Surflo: Consistent 3D Surface Flow Model with Global State
2026-06-11 • Computer Vision and Pattern Recognition
Computer Vision and Pattern Recognition
AI summaryⓘ
The authors present Surflo, a method that compresses multiple unposed RGB images into a single compact representation to reconstruct 3D surfaces. Unlike previous approaches that produce overlapping or low-resolution outputs, Surflo can generate a flexible number of oriented 3D points without being limited by a fixed grid. It uses a flow matching process to convert noise into surface points and includes a technique to make nearby points consistent by using image gradients during inference. Their approach is faster than optimization-based methods and achieves competitive or better accuracy on 3D surface reconstruction.

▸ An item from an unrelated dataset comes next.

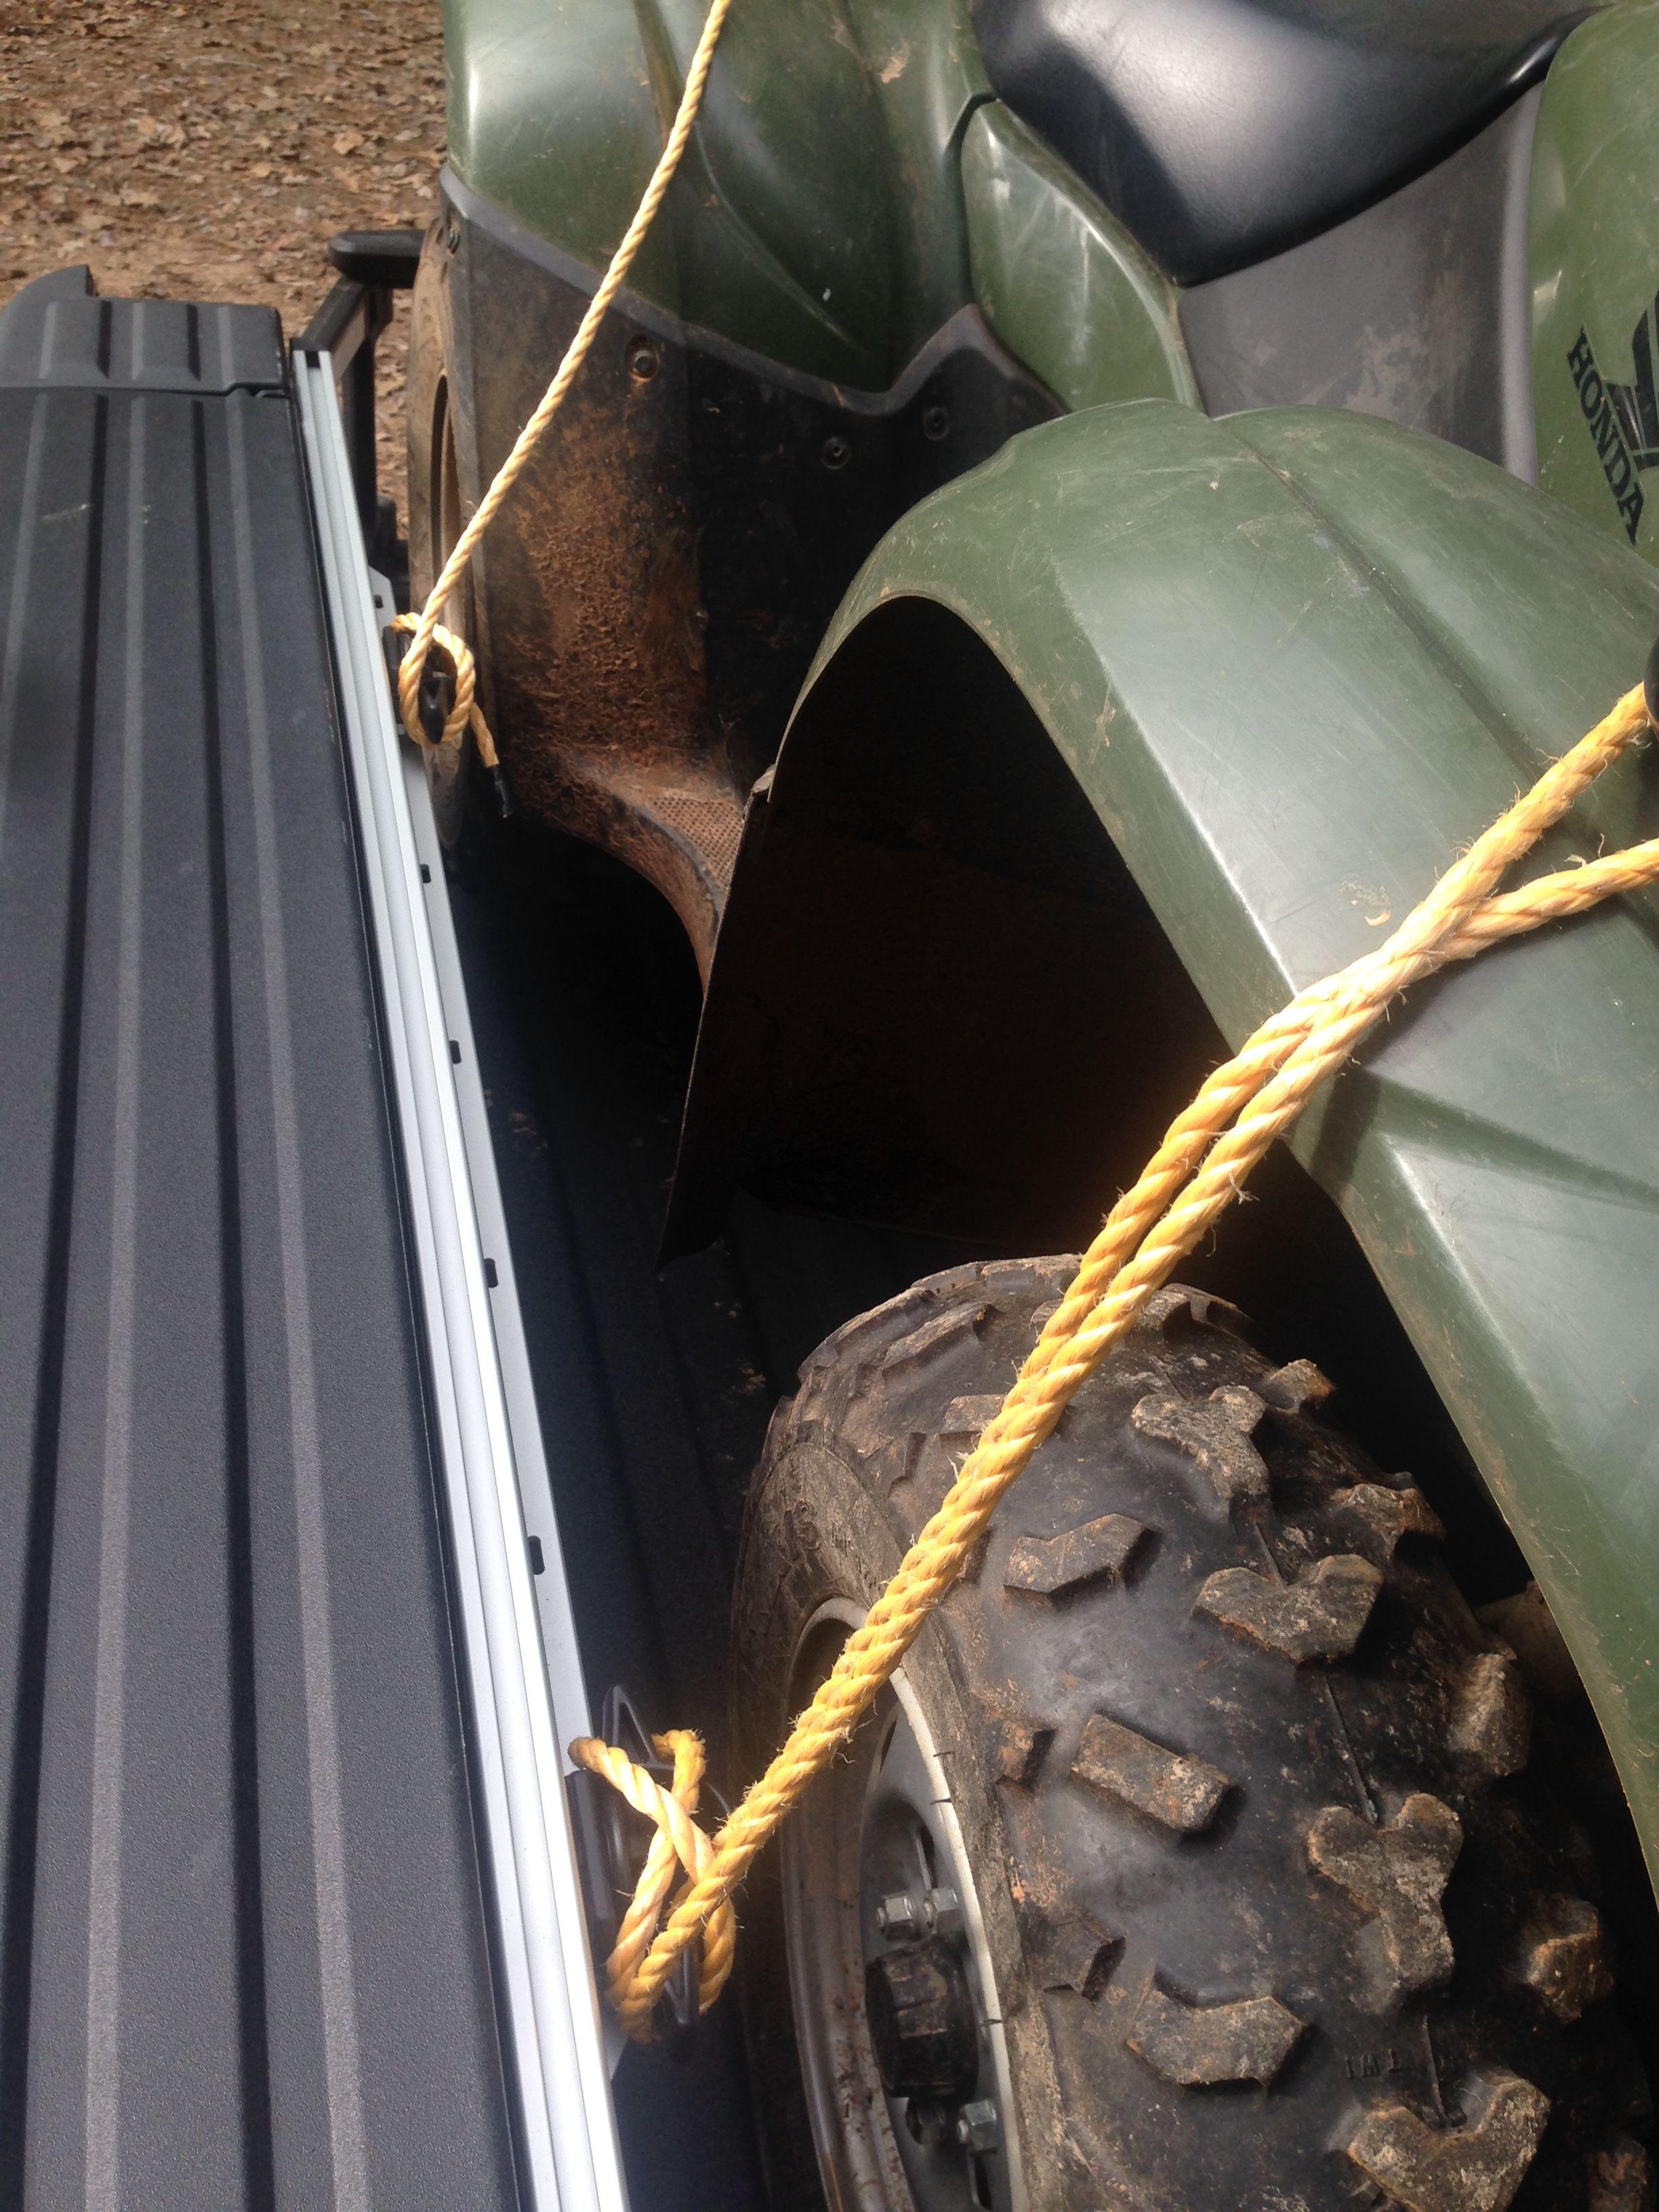 Rambox Cargo Management System  Ram Rebel 1500 4x4 Hemi | Deer Hunt East Texas |#Ram #Rebel #Hemi #RamLife #HondaATV #TheFlashList #ScottTilley | #AutoReview http://www.theflashlist.com/assets/brands/automotive/ram/2015/1500/reviews/scotttilley/dallas.html

3D reconstructionflow matchinglatent representationpoint cloudsRGB imagesODE integrationphotometric gradientsglobal latentsurface metricsfeed-forward methods
Authors
Antoine Guédon, Shu Nakamura, Nicolas Dufour, Jiahui Lei, Ko Nishino, Angjoo Kanazawa
Abstract
Geometry is invariant to viewpoint, which makes any collection of images a redundant encoding of a single 3D state. Existing feed-forward reconstruction models fail to exploit this: per-view methods emit overlapping, unaligned pointmaps that grow linearly with input count, while global-latent methods commit to a fixed, low-resolution output. We introduce Surflo, which compresses a variable number of unposed RGB views into K latent tokens-one global state-and decodes oriented 3D surface points by independently transporting them from noise onto the surface via flow matching. This frees the output from any fixed grid or token budget: the same latent yields from a few thousand to a million points in a single forward pass. To suppress the local inconsistencies inherent to independent per-point decoding, an inference-time guidance term correlates nearby points by injecting a photometric gradient during ODE integration. Surflo matches or surpasses feed-forward baselines on surface metrics, runs an order of magnitude faster than optimization-based methods that require hundreds of views, and is the only feed-forward approach to combine a global latent with arbitrary-resolution decoding.